E depois das quotas?

Mário AbrantesArtigo de opinião de Mário Abrantes

O regime das quotas leiteiras, não só proporcionou a existência de um equilíbrio duradouro entre a oferta e a procura de leite e derivados a nível europeu, como permitiu ao sector leiteiro dos Açores desenvolver-se de forma sustentada e, no essencial, respeitadora do ambiente (produção em pastoreio, com encabeçamento limitado por unidade de superfície), aumentando a sua capacidade e qualidade produtivas e atingindo os 30 % da produção nacional ao mesmo tempo que reduzia a sua área afeta, potenciando desta forma melhores condições para a diversificação agrícola e a criação de zonas arborizadas.

Os cerca de 520 milhões de litros de leite anualmente produzidos nos Açores, se lhe juntarmos a indústria de laticínios a jusante, geram uma riqueza direta e indireta à Região da ordem dos 450 milhões de euros (cerca de 18% do Valor Acrescentado Bruto - VAB). Só por si o leite e derivados representam quase metade do rendimento de todo o sector público regional ou de todo o Comércio e Turismo.

Os mesmos 520 milhões de litros, distribuídos por cerca de 2.800 produtores, dos quais a esmagadora maioria (ainda) se constitui em explorações familiares, agregam diretamente à sua volta mais de 17% da população dos Açores e cerca de 10,5% do emprego direto. Tais valores sobem mais de 50% se lhes adicionarmos a população e o número de trabalhadores dependentes ou afetos às empresas correlacionadas e à indústria de laticínios.

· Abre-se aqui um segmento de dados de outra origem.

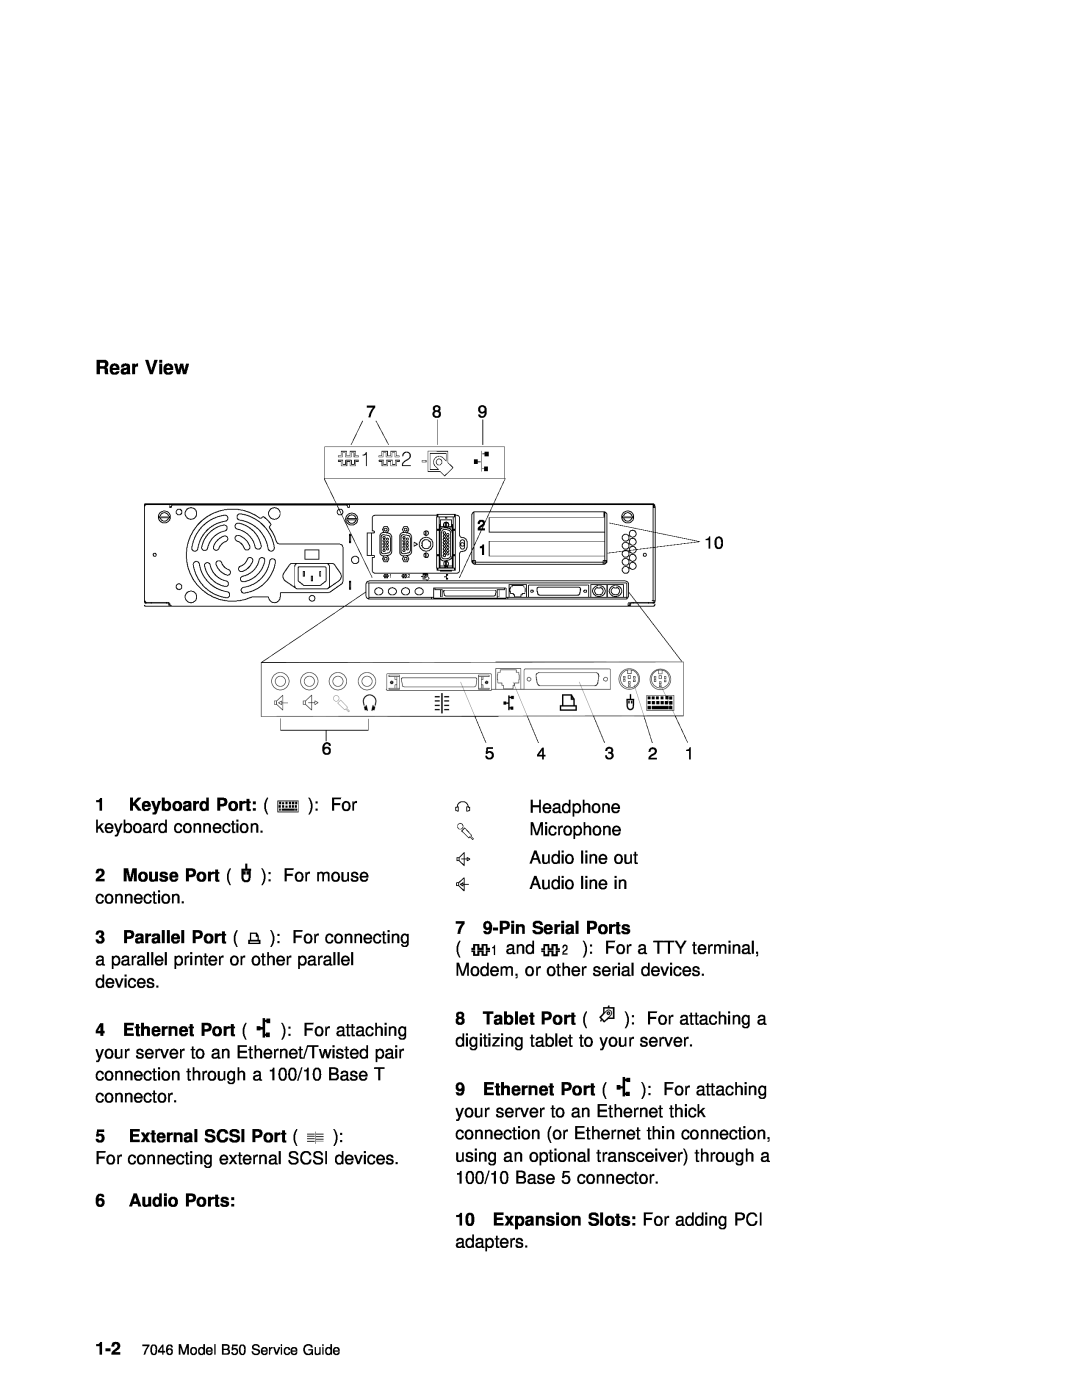 IBM B50 manual Rear View, Audio Ports, 7 9-Pin Serial Ports, Expansion Slots

O fim do regime das quotas pode representar uma violenta machadada neste importante sector produtivo pela abertura potencial ilimitada à concorrência de produtos afins e de muito pior qualidade colocados no mercado (sobretudo continental) a preços mais baixos, induzindo o sobredimensionamento e a intensificação das explorações leiteiras na Região e provocando em simultâneo a falência de muitos produtores e famílias açorianas. Mas o fim do regime de quotas, contra o qual houve vozes que se levantaram durante mais de uma década, não era inevitável e tem autores...

Em 1999, no tempo do governo socialista de Guterres e do Ministro da Agricultura Capoulas Santos, os governos europeus, nas costas dos produtores, acordaram o fim das quotas leiteiras para 2008. Posteriormente, em 2003, no tempo do governo PSD/CDS de Durão Barroso e do Ministro da Agricultura Sevinate Pinto (recém-falecido), os governos europeus ratificaram o fim das quotas, adiando-o entretanto para o ano de 2015. Finalmente o governo de Sócrates em 2008, com o acordo tácito dos futuros parceiros da troika – PSD e CDS, e ignorando os apelos dos Açores para que essa decisão fosse anulada, estipulou com os outros governos da UE em definitivo a data de 31 de Março, tal como de facto aconteceu, para o fim do regime.

E, suprema lata, depois de tudo consumado nos corredores de Bruxelas no sentido do seu fim, vimos e ouvimos em campanhas eleitorais posteriores a 2008, tanto o PS, como o PSD e o CDS a afirmarem a sua disposição de lutar pela manutenção do regime das quotas leiteiras. Quando, entretanto, tal objetivo foi proposto no Parlamento Europeu, em Dezembro de 2013, os recém-convertidos à defesa do regime afinal voltaram a desdizer-se (ou mostraram a sua verdadeira cara) e votaram contra…

Resta lutar por garantir o preço justo à produção, proteger o mercado nacional através de normas de regulação europeia adequadas e impor quotas obrigatórias de produto nacional à venda nas grandes superfícies, tudo medidas necessárias para a defesa do sector mas que só num quadro político alternativo ao atual será possível implementar.